# ? About Clipping Dairy Buck



## mdlopez (Feb 4, 2013)

Ok, I feel like this is a stupid question, but I have looked all over and found everything else about clipping a buck but nobody says whether you clip their jewels!?! The closest I could find is that you clip them "like a doe except for their beard", so since you clip the doe's udder, do you also clip the buck's package? (I'm being careful not to say something that gets removed. )
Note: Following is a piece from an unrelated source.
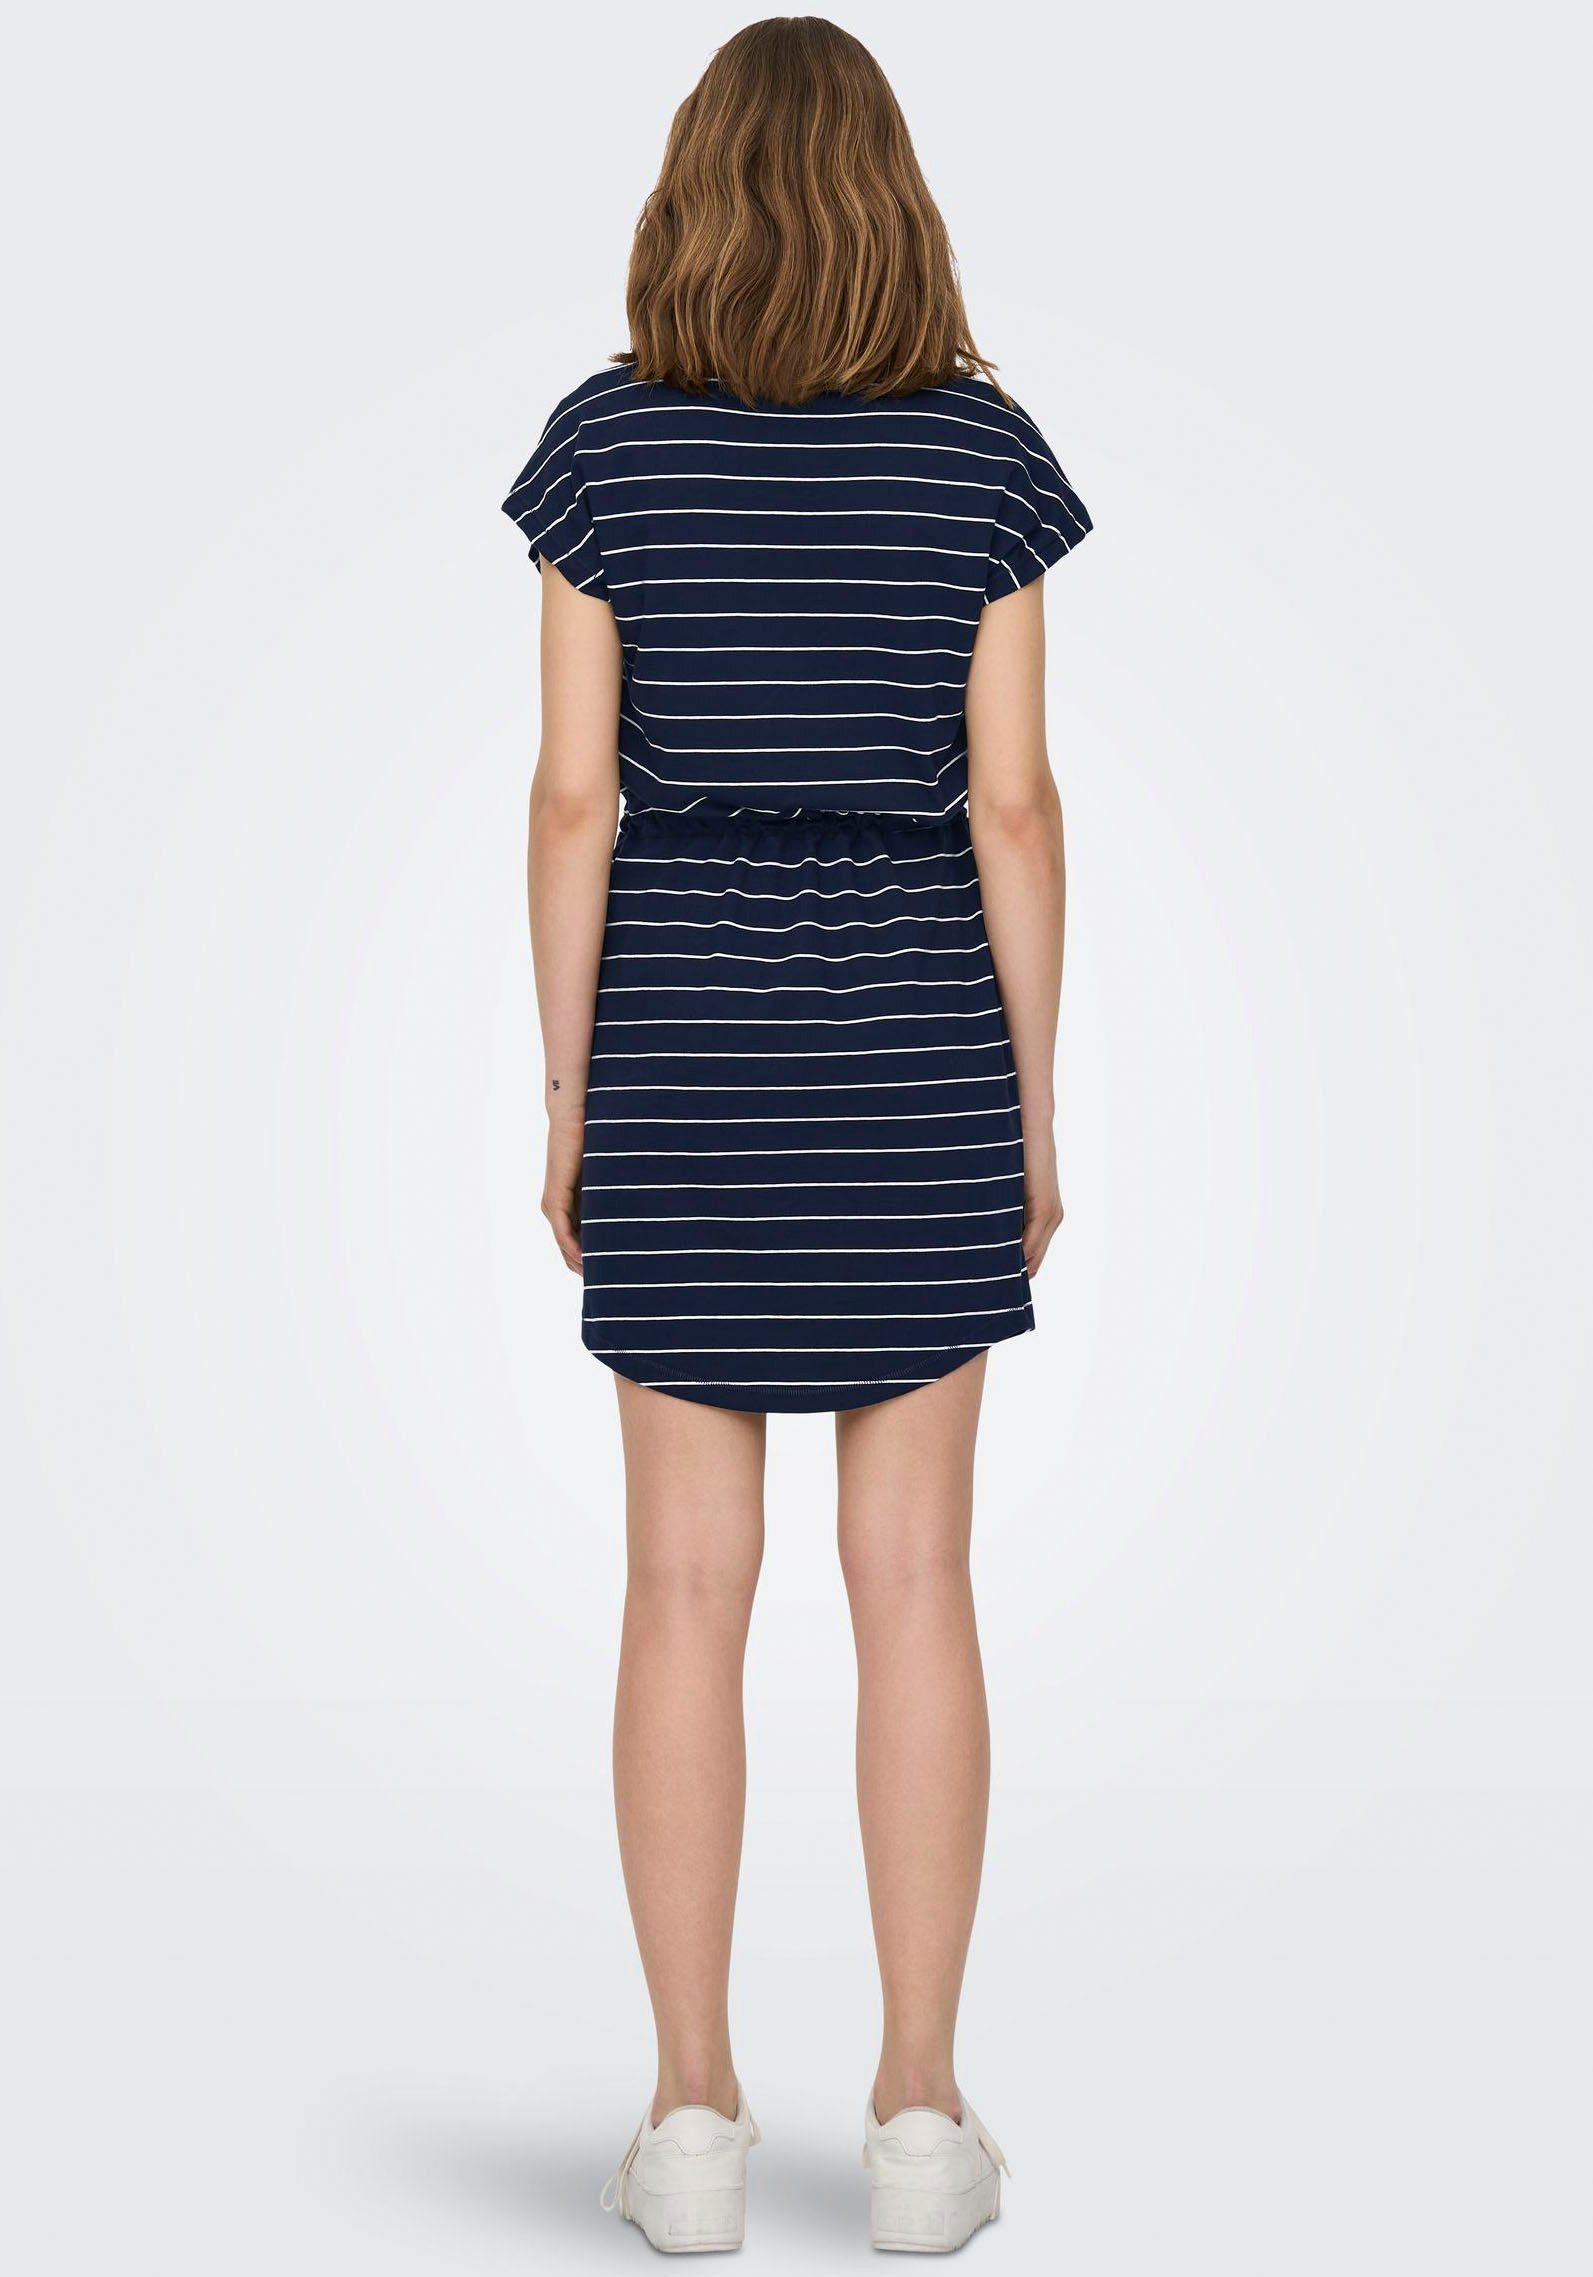 S/S in verschiedenen Sky Minikleid NOOS stripes Designs ONLY ONLMAY Night DRESS

I know he won't like it, but I really don't want to show up at a show with a buck who has hairy privates (he's a Nigerian Dwarf) if all the other boys are smooth. At least the buck is only a year old and small enough to manage... for now! I'm glad you are all goat people and understand!


----------



## Dani-1995 (Mar 11, 2011)

I'm just sitting in for replies... never thought about this before now!


----------



## 8566 (Jul 18, 2012)

I don't
There's nothing on the scorecard for seeing/judging his jewels.


----------



## mdlopez (Feb 4, 2013)

Thanks, Elizabeth. I thought about calling you to ask the question directly, but decided to post it instead. Someone else may be wondering the same thing.


----------



## Paige (Oct 14, 2010)

The hair on their parts is generally very short, I just clip well on the inside of the legs/around the teats carefully, that will be plenty


----------